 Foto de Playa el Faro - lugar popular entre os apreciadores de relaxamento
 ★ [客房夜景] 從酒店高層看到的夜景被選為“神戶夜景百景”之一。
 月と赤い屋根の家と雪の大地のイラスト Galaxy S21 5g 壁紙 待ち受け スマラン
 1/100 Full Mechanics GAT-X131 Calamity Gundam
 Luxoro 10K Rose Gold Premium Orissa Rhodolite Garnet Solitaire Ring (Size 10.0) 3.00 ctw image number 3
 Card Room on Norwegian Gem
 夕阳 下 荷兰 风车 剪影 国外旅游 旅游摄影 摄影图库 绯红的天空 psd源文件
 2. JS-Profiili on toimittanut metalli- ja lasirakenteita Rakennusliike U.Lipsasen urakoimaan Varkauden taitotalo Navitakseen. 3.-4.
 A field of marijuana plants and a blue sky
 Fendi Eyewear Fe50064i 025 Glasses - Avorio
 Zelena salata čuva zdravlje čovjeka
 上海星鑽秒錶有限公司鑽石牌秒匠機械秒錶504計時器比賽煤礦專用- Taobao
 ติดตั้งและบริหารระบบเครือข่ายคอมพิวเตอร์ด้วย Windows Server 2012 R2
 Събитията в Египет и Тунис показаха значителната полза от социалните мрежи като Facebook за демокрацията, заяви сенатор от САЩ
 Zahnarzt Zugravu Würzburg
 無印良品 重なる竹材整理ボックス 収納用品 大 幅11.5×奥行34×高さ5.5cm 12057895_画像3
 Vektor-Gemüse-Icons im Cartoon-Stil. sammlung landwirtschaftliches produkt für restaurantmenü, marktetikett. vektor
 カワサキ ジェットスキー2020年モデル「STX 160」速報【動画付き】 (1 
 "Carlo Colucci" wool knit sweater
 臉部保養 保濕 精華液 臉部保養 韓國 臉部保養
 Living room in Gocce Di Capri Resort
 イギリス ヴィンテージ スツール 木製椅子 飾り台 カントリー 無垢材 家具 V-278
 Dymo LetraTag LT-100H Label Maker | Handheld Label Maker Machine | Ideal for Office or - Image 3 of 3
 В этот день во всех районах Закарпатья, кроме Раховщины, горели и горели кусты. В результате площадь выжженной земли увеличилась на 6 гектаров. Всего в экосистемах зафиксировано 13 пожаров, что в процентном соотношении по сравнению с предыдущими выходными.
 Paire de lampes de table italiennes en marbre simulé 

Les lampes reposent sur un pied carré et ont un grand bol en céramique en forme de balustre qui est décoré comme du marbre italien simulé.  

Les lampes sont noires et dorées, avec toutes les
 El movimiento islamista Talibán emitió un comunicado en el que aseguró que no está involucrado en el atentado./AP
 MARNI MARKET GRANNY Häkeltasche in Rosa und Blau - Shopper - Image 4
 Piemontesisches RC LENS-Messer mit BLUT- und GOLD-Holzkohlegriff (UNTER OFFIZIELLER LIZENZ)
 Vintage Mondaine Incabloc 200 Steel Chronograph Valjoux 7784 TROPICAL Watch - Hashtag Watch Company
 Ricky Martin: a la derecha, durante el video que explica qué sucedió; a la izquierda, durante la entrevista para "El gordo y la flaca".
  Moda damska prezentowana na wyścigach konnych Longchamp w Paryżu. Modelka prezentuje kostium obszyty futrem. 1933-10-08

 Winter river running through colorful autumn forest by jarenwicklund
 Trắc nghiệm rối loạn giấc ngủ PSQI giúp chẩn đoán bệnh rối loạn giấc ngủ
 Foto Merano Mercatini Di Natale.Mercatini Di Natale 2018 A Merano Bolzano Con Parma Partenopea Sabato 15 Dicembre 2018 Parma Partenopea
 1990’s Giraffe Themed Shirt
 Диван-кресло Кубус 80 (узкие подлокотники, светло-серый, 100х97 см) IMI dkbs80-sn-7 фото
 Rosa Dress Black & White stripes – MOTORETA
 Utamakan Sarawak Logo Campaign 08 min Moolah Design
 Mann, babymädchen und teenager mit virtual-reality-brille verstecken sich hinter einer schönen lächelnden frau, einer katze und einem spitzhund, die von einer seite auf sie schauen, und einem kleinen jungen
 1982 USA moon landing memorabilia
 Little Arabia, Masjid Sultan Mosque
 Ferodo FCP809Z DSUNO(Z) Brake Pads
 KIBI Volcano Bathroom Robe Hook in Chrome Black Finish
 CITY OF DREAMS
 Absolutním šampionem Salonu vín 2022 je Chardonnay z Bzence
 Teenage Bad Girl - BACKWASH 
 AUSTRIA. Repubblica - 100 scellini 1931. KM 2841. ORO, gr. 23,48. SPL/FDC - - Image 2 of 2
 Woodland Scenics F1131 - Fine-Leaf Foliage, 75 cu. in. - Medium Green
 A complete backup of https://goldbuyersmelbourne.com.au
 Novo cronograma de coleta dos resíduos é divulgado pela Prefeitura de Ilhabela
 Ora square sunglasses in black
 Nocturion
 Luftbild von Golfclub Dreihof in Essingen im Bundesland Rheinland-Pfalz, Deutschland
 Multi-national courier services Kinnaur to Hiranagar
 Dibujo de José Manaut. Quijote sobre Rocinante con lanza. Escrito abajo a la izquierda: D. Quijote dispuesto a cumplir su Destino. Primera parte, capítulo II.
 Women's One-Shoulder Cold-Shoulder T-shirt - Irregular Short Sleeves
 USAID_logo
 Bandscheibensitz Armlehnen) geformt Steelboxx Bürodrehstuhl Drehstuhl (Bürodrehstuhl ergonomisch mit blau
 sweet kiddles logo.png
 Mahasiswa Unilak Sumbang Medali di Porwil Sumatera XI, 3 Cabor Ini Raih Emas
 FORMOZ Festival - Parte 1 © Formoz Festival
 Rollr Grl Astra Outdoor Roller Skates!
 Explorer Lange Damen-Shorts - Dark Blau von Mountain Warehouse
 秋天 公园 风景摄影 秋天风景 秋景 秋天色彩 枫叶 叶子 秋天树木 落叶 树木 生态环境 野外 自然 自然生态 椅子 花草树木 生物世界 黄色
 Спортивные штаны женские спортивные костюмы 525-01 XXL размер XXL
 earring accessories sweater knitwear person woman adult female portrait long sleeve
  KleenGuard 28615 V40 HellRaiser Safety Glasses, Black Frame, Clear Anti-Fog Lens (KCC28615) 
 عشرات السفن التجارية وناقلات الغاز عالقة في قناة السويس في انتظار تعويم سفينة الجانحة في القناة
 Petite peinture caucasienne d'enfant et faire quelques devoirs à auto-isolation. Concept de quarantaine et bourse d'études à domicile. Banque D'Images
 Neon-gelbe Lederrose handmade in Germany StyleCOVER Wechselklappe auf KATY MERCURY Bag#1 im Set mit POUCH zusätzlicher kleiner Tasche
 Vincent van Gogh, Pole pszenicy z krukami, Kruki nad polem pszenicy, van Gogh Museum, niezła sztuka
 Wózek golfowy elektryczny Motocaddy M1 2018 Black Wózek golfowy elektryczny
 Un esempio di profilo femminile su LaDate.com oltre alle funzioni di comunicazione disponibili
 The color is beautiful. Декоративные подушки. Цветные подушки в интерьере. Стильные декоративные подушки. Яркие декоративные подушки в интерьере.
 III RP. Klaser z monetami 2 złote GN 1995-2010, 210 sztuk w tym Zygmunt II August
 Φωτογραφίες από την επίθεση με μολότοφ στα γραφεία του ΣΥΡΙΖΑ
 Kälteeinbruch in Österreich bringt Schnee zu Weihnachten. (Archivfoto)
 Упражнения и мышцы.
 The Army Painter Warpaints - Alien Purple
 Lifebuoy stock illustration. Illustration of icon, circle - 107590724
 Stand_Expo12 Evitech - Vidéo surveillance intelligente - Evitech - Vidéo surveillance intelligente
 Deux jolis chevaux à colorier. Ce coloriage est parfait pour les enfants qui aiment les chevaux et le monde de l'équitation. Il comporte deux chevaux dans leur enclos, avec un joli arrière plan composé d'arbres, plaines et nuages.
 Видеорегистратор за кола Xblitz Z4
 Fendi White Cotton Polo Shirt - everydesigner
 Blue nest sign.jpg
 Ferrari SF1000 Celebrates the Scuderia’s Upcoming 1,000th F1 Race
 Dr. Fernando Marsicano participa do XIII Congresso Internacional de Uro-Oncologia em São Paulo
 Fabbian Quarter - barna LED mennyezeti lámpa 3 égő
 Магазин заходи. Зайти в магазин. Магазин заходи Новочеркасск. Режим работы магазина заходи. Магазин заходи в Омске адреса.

- [What is required] Copy the lines of the data above exactly as written, beginning with the line containing "Multi-national courier services" and ending with the line containing "Спортивные штаны женские", and leave out all other lines.

- [Solution for this task]
 Multi-national courier services Kinnaur to Hiranagar
 Dibujo de José Manaut. Quijote sobre Rocinante con lanza. Escrito abajo a la izquierda: D. Quijote dispuesto a cumplir su Destino. Primera parte, capítulo II.
 Women's One-Shoulder Cold-Shoulder T-shirt - Irregular Short Sleeves
 USAID_logo
 Bandscheibensitz Armlehnen) geformt Steelboxx Bürodrehstuhl Drehstuhl (Bürodrehstuhl ergonomisch mit blau
 sweet kiddles logo.png
 Mahasiswa Unilak Sumbang Medali di Porwil Sumatera XI, 3 Cabor Ini Raih Emas
 FORMOZ Festival - Parte 1 © Formoz Festival
 Rollr Grl Astra Outdoor Roller Skates!
 Explorer Lange Damen-Shorts - Dark Blau von Mountain Warehouse
 秋天 公园 风景摄影 秋天风景 秋景 秋天色彩 枫叶 叶子 秋天树木 落叶 树木 生态环境 野外 自然 自然生态 椅子 花草树木 生物世界 黄色
 Спортивные штаны женские спортивные костюмы 525-01 XXL размер XXL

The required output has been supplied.